Новикова И.В.: Насчет термина «глобализа­ция» не соглашусь. Впервые в оборот (у меня есть доказательства) в 1980 году вышла статья профессора Гарвардского университета Тео­дора Левита. Не помню, как она называлась, но там впервые был употреблен этот термин «глобализация» и эпиграф у статьи был очень хороший: «американские компании так должны научиться оперировать на мировом рынке, как если бы они работали дома». То есть американцы поняли, что этот процесс не остановить, и они решили возглавить его. И Рейган когда пришел, почему его они по сей день любят, потому что он стал проламывать интересы своих транснациональных компа­ний за рубежом. Это абсолютно правильно. То есть против объективного процесса, кото­рый они не могут преодолеть. Но не только американцы проводят подобные компании. Американские компании очень сильно потес­нены последние 10 лет. Более того, если по­смотреть на прямые иностранные инвестиции, то в начале 2000-х годов амери­канцы притягивали 25% мировых инвести­ций, то сейчас только 20%. Поэтому говорить о том, что проект американский и создан в Да­восе, я не совсем с этим согласна. 1980 год — термин использован впервые. Я встречала ра­боты со ссылками, что в 1972 году этот термин уже использовался. Если же говорить как о яв­лении, когда оно возникло, тоже могу вам ска­зать — во второй половине 1950—х гг., когда США приняли закон «О полной конвертации по платежному балансу». И два ученых (аме­риканец и англичанин) в 1960-х гг. увидели, что потоки денежные движутся быстрее, чем товарные потоки, то есть стали возникать


транснациональные корпорации. На чем вы­росли Южная Корея, Сингапур, Гонконг, потом позже Новая Зеландия?
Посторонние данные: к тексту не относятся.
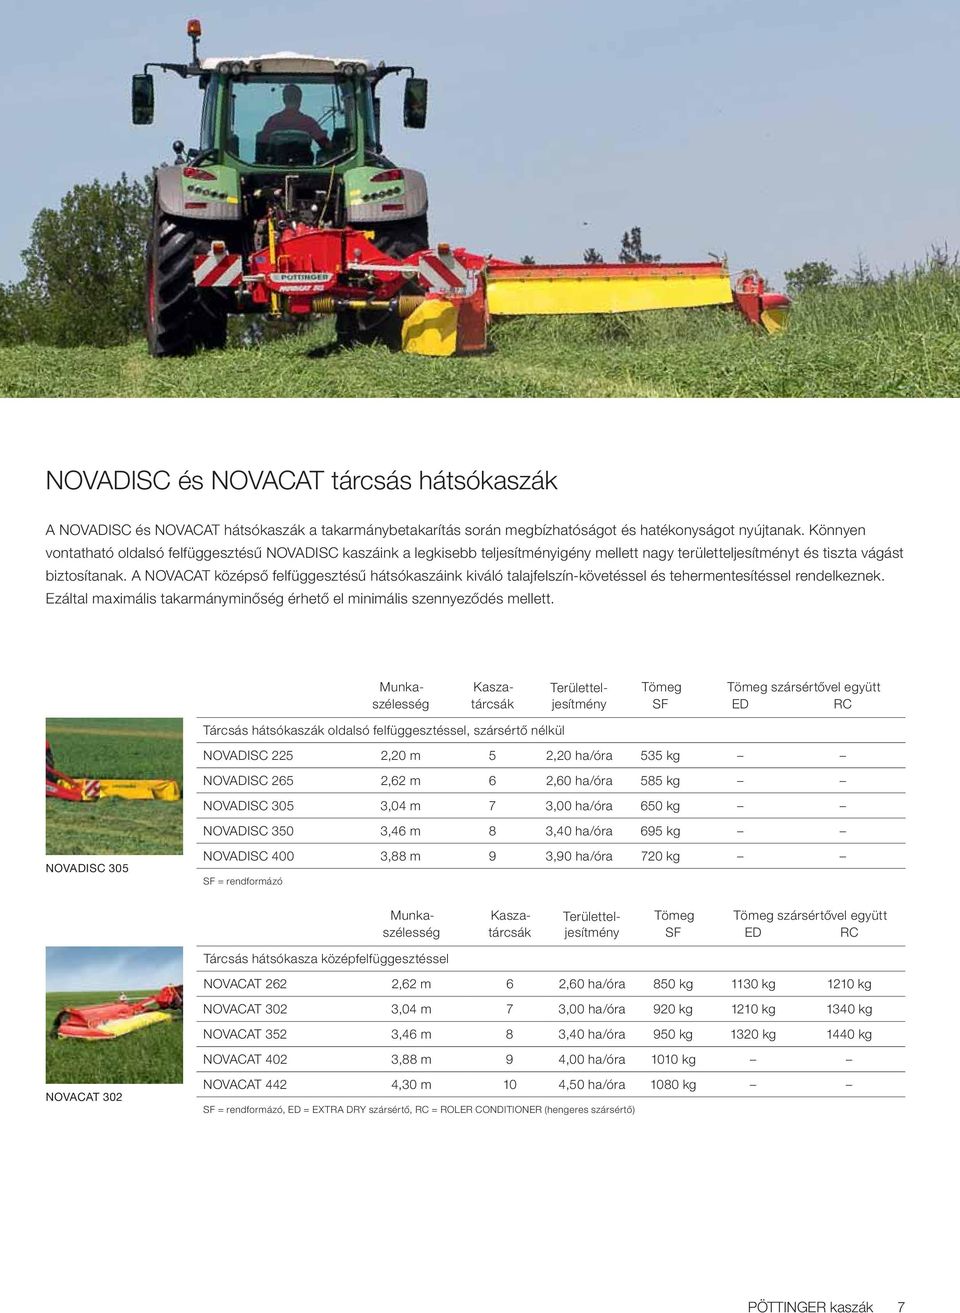 A NOVACAT középső felfüggesztésű hátsókaszáink kiváló talajfelszín-követéssel és tehermentesítéssel rendelkeznek. Ezáltal maximális takarmányminőség érhető el minimális szennyeződés mellett.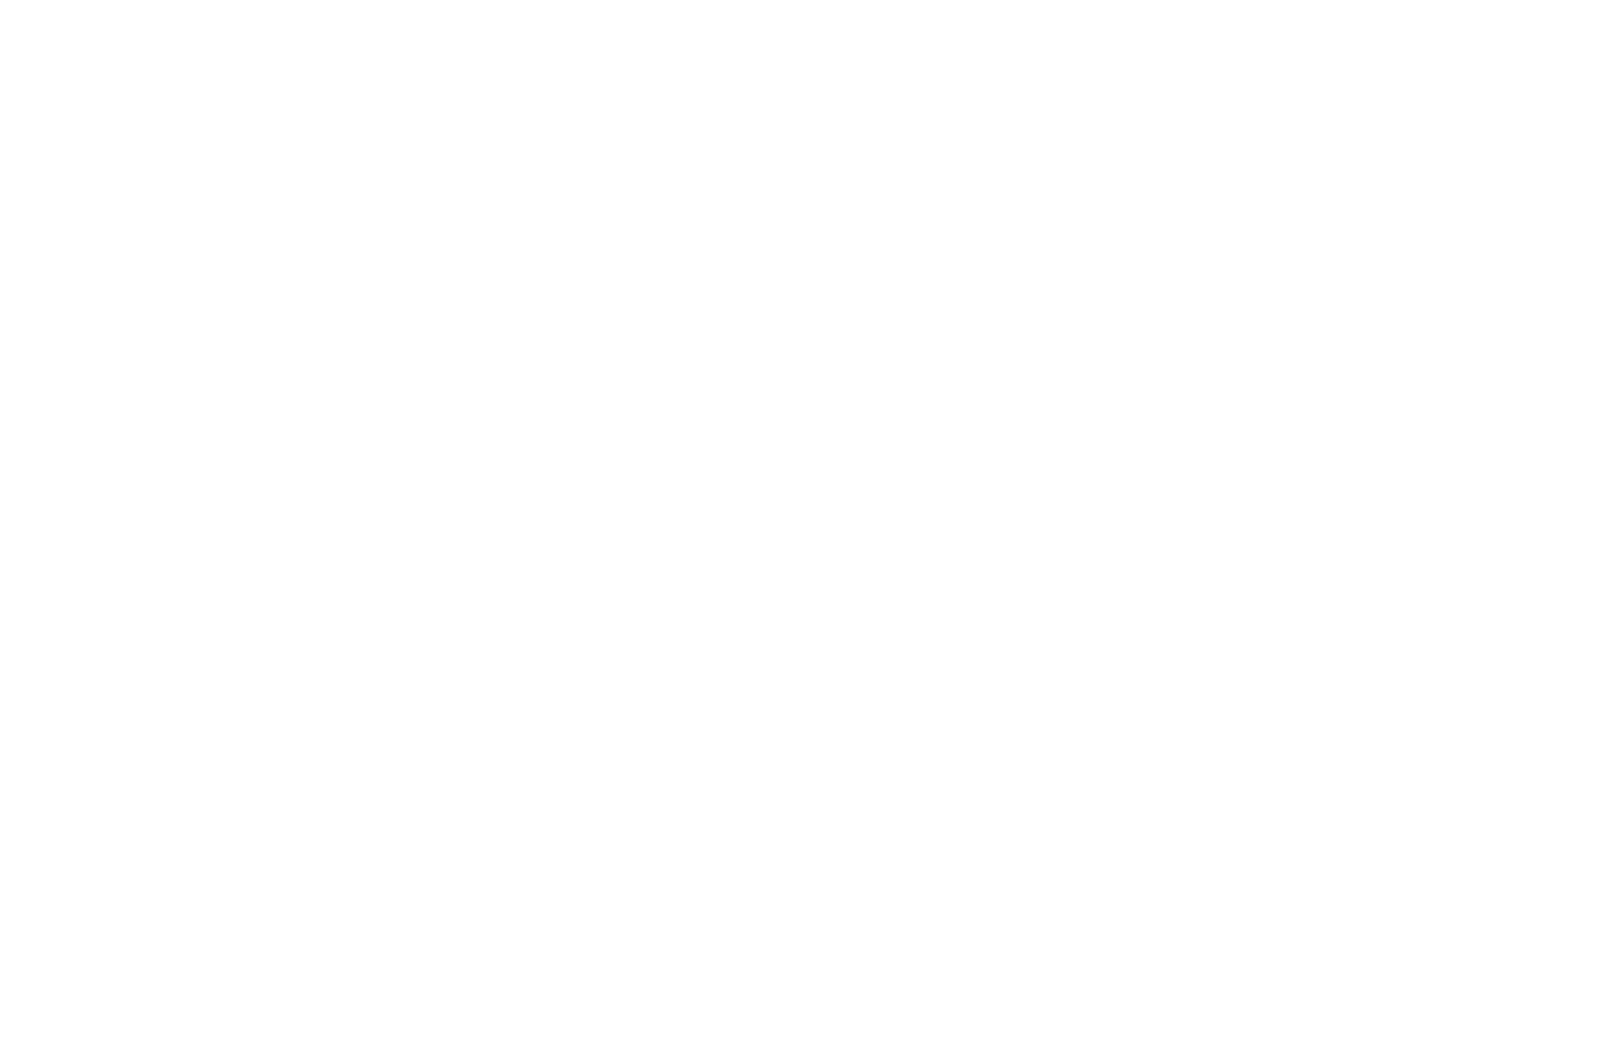 Barratt Developments logo large for dark backgrounds (transparent PNG)

Они выросли на том, что в них стали эти крупные компании из развитых стран вкладывать средства. По­чему они стали вкладывать, потому что там за­путанная налоговая система, большие налоги, экологическое законодательство, трудовое за­конодательство - очень сложное. Они стали выходить в те страны, и, таким образом, на­чался процесс глобализации. С этой точки зрения он объективен, потому что деньги ищут, где прибыль.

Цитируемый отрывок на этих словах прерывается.